The most recent material is at the top of this page.

Draft of TALM (23 June 2021)

TALM (“Third Attempt at Loglan Morphology”) is a blueprint for a logical language, excluding syntax or semantics. Its main goal is to implement monoparsing with a simple and average phonology, so that the eventual language it will support can act as an aux-loglang with an international lexicon, like Ceqli.

Phonology and orthography

There are 26 phonemes in TALM: five vowels and 21 consonants.

Vowel phonemes
Front Back
Close i u
Mid e o
Open a

The consonants are divided into three classes, through which the parsing morphology is defined.

Consonant phonemes
Labial Alveolar Palatal Velar Glottal
Plosive p b t d t͡ʃ d͡ʒ k g ʔ
Fricative f v s z ʃ x
Nasal m n
Lateral l
Rhotic r
Semivowel w j

Pure consonants (C) are highlighted in blue. Medial consonants (M) are highlighted in pink. The glottal stop (Q) is in its own class, and shown in green.

The alphabet is as follows. Major differences from the IPA are highlighted in red.

The TALM alphabet
Grapheme a b c d e f g h i j k l m n o p q r s t u v w x y z
Phoneme a b t͡ʃ d e f g x i d͡ʒ k l m n o p ʔ r s t u v w ʃ j z

Morphology

All native words have phonological shapes that allow them to be parsed without ambiguity as to word boundaries.
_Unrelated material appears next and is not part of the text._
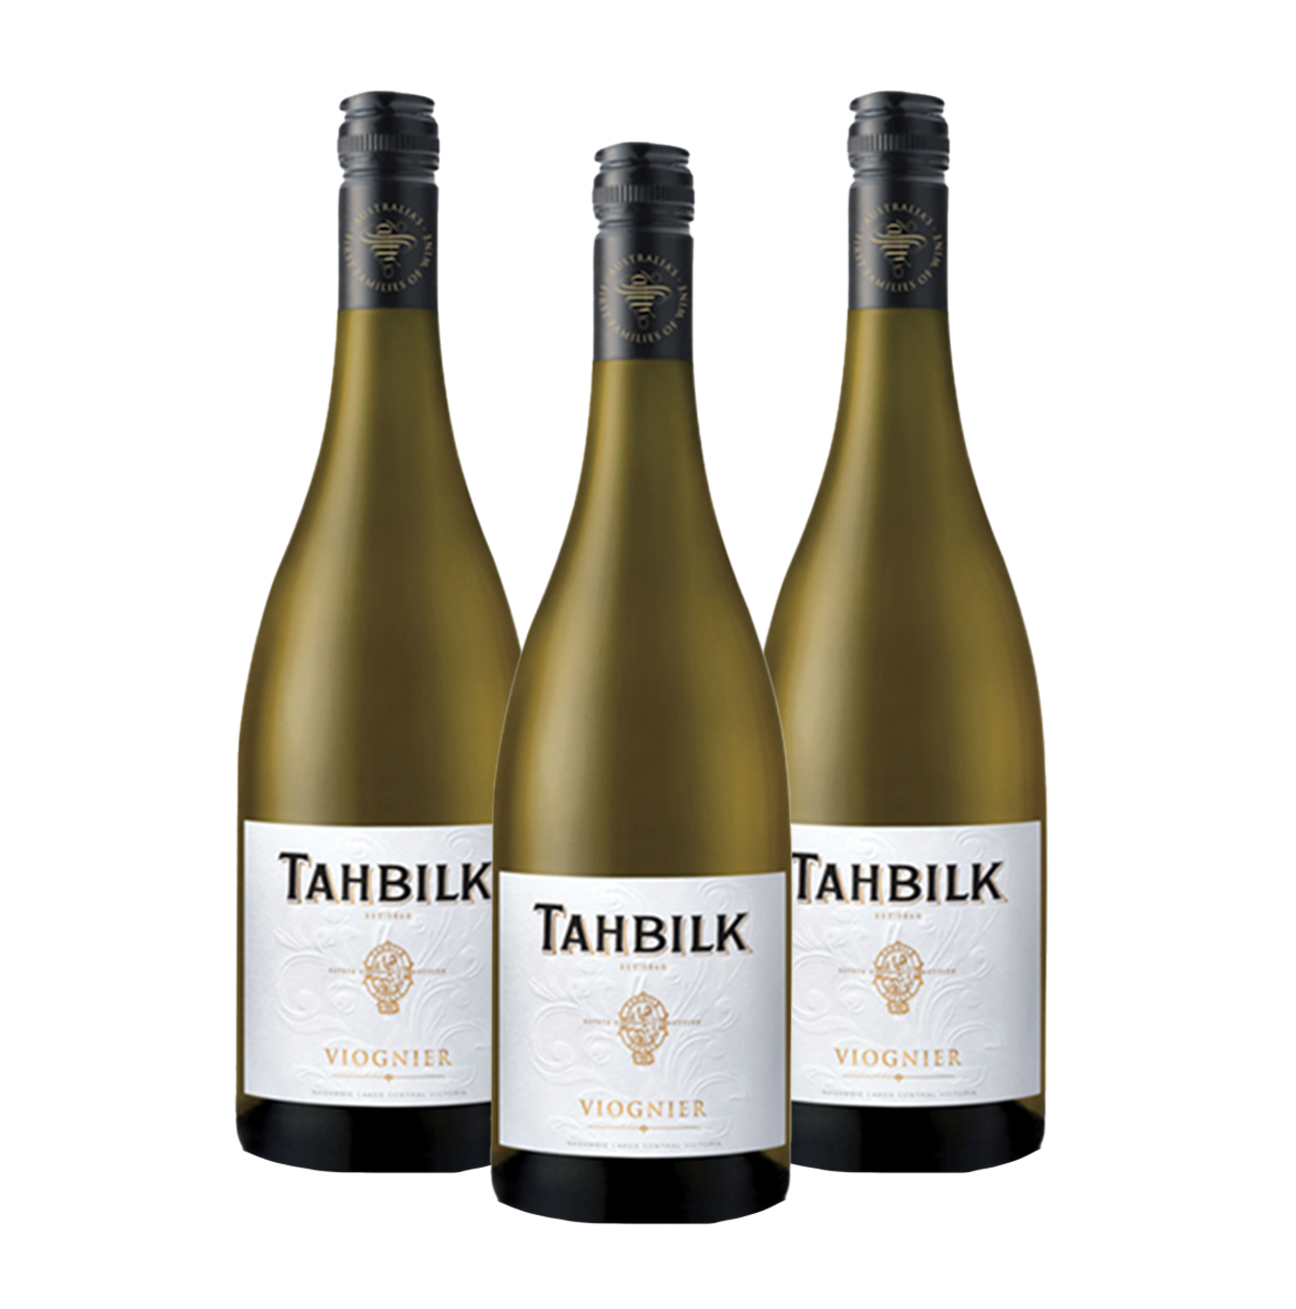 2019 Chateau Tahbilk - Viognier Nagambie Lakes (3 Bottle Case - Standard Bottles)

General word-shape formula

((H*S)?L)|(SQ)

H is a heavy, or closed, syllable, i.e. a syllable with a final consonant. S is a stressed syllable, either heavy or light. L is a light, or open, syllable that is always unstressed. Q is a glottal stop; SQ is a stressed light syllable with a glottal-stop coda. The glottal stop behaves like a light syllable, except that no word may consist of a glottal stop alone. So, in plain language, the formula can be stated

A word consists of (a) an unstressed light syllable, optionally preceded by a string of any number of heavy syllables ending in a stressed syllable; or (b) a stressed light syllable followed by a glottal stop.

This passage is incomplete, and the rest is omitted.